Data supplied

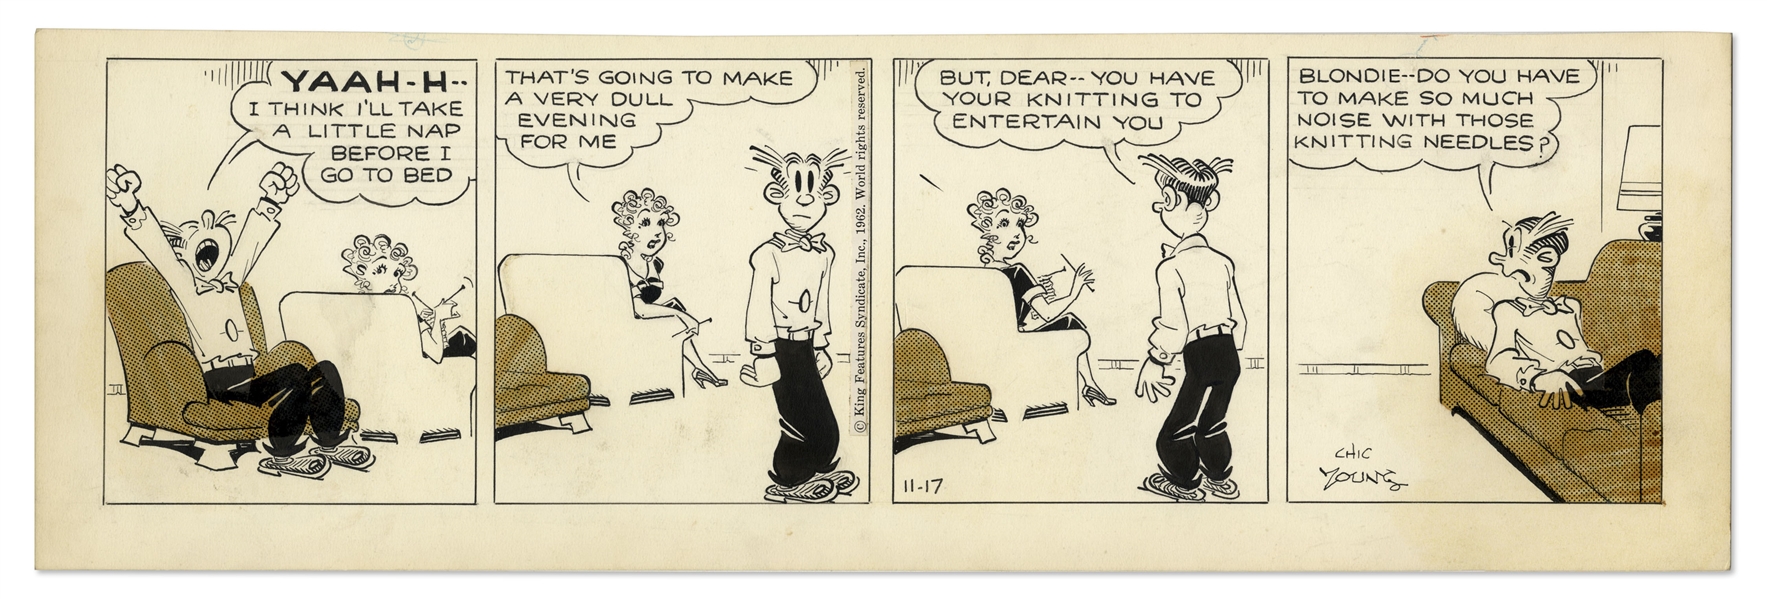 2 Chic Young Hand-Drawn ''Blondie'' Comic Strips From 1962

---

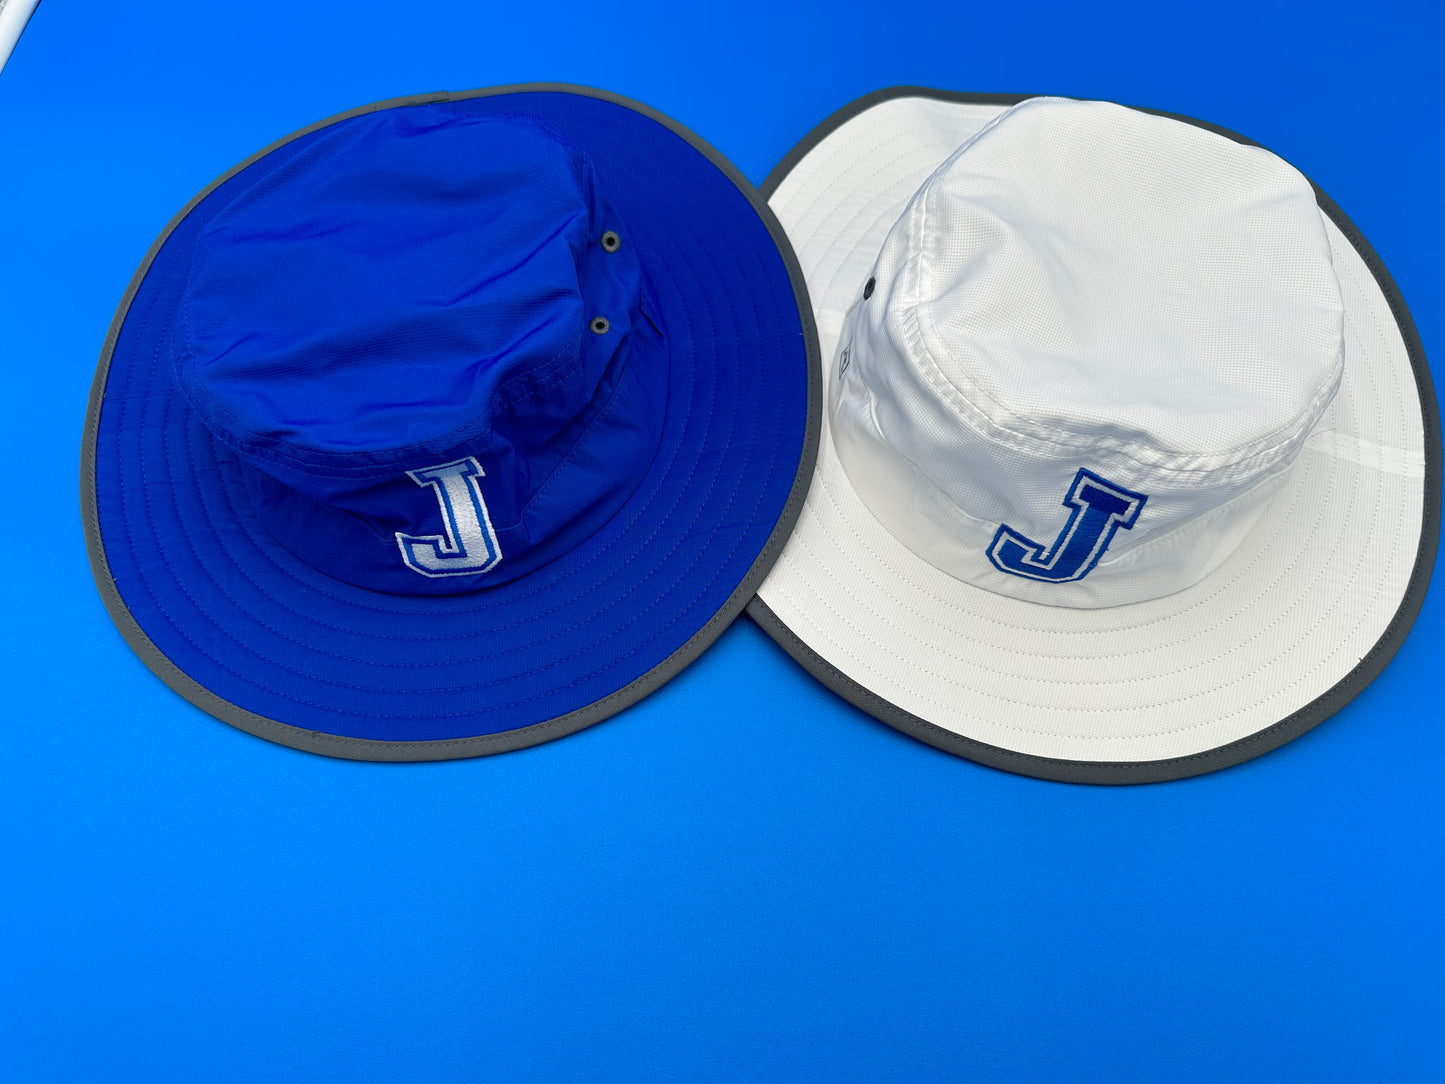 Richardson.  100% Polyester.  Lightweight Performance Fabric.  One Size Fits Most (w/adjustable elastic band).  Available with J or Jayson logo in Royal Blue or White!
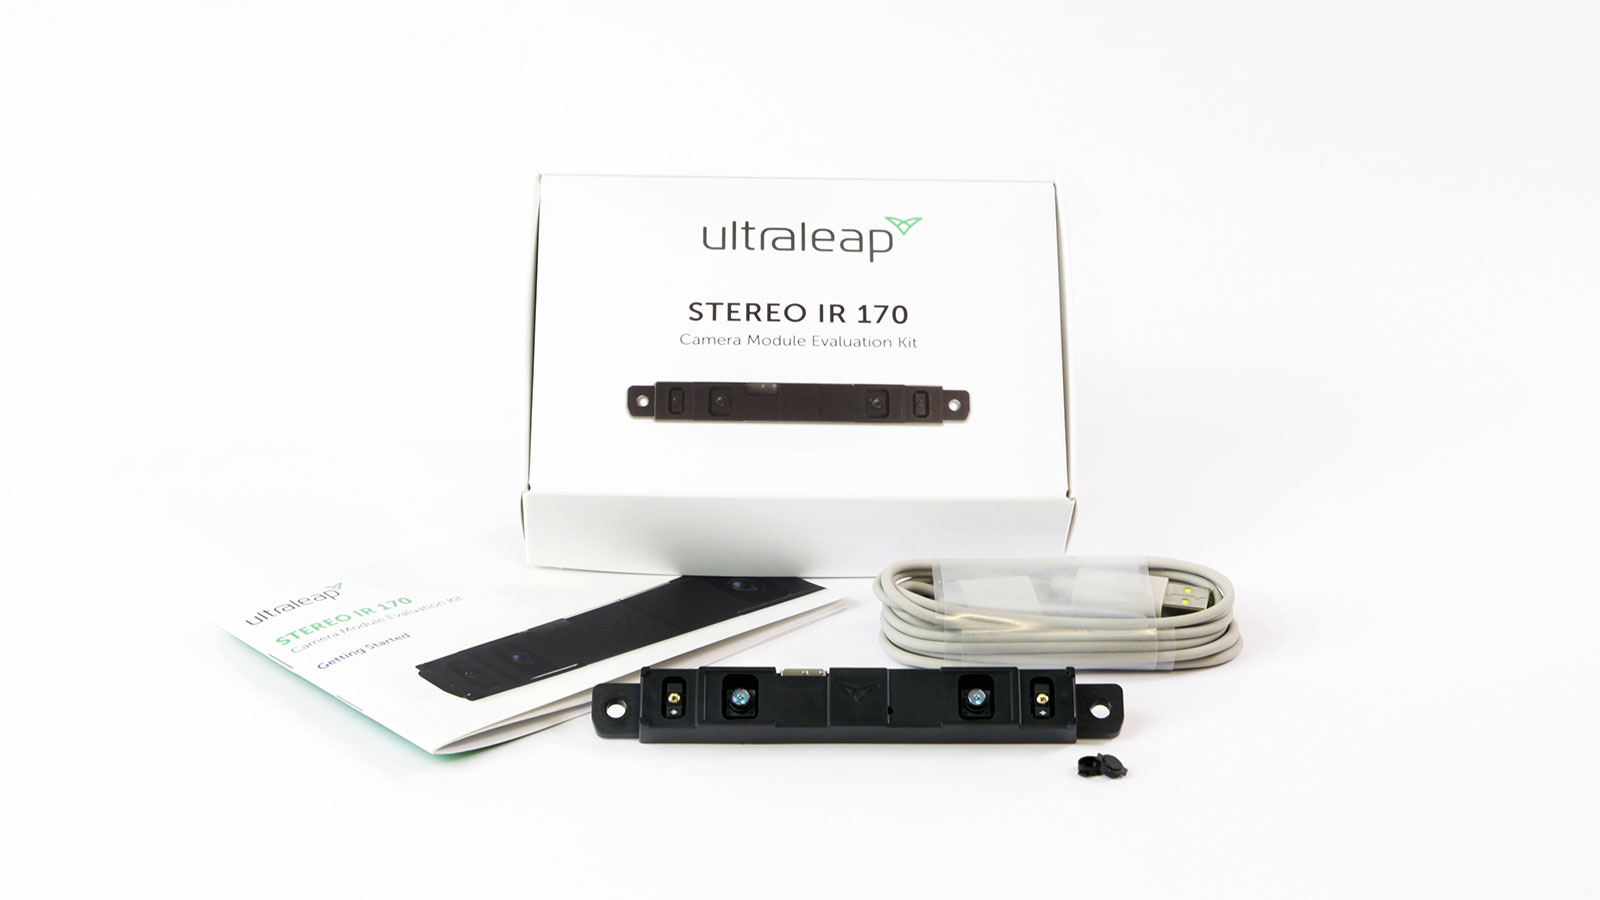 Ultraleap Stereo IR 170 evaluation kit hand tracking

==

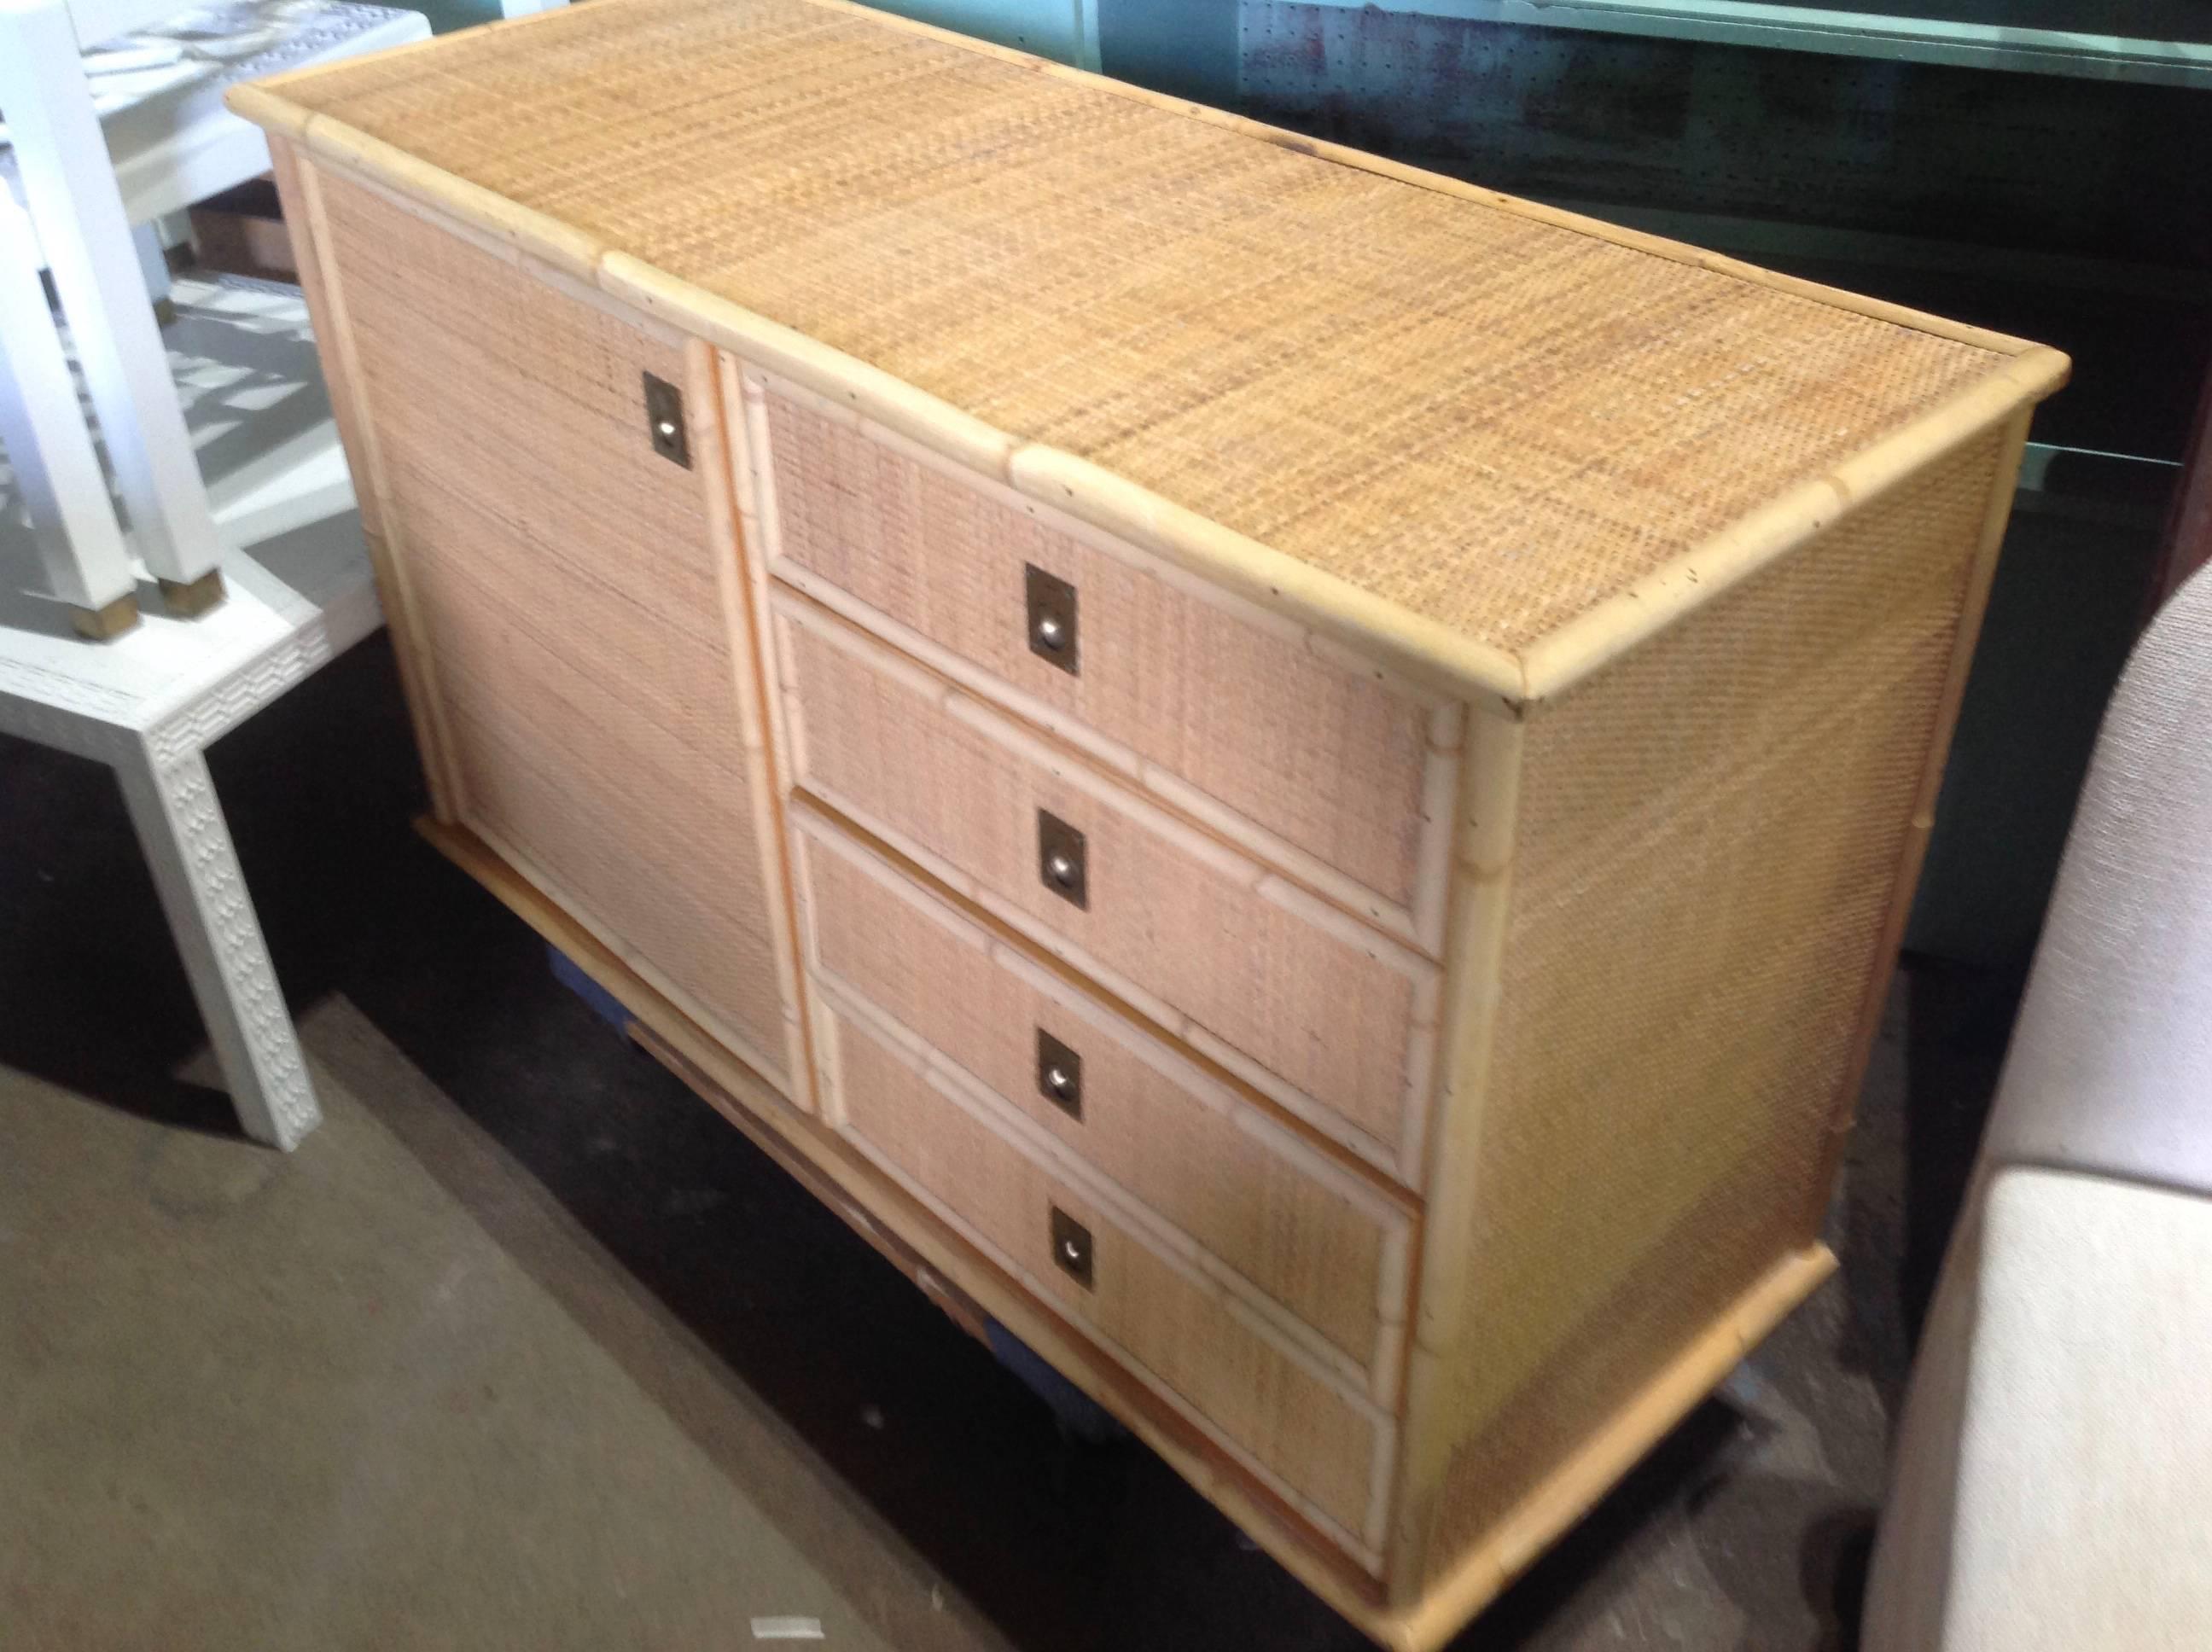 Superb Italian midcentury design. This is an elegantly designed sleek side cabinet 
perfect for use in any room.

Exercise prompt
Reproduce the data above exactly, but only from the line containing "Blue or White!" through the line containing "Ultraleap Stereo IR"; skip the pictures.

Exercise result
 Richardson.  100% Polyester.  Lightweight Performance Fabric.  One Size Fits Most (w/adjustable elastic band).  Available with J or Jayson logo in Royal Blue or White!
 Ultraleap Stereo IR 170 evaluation kit hand tracking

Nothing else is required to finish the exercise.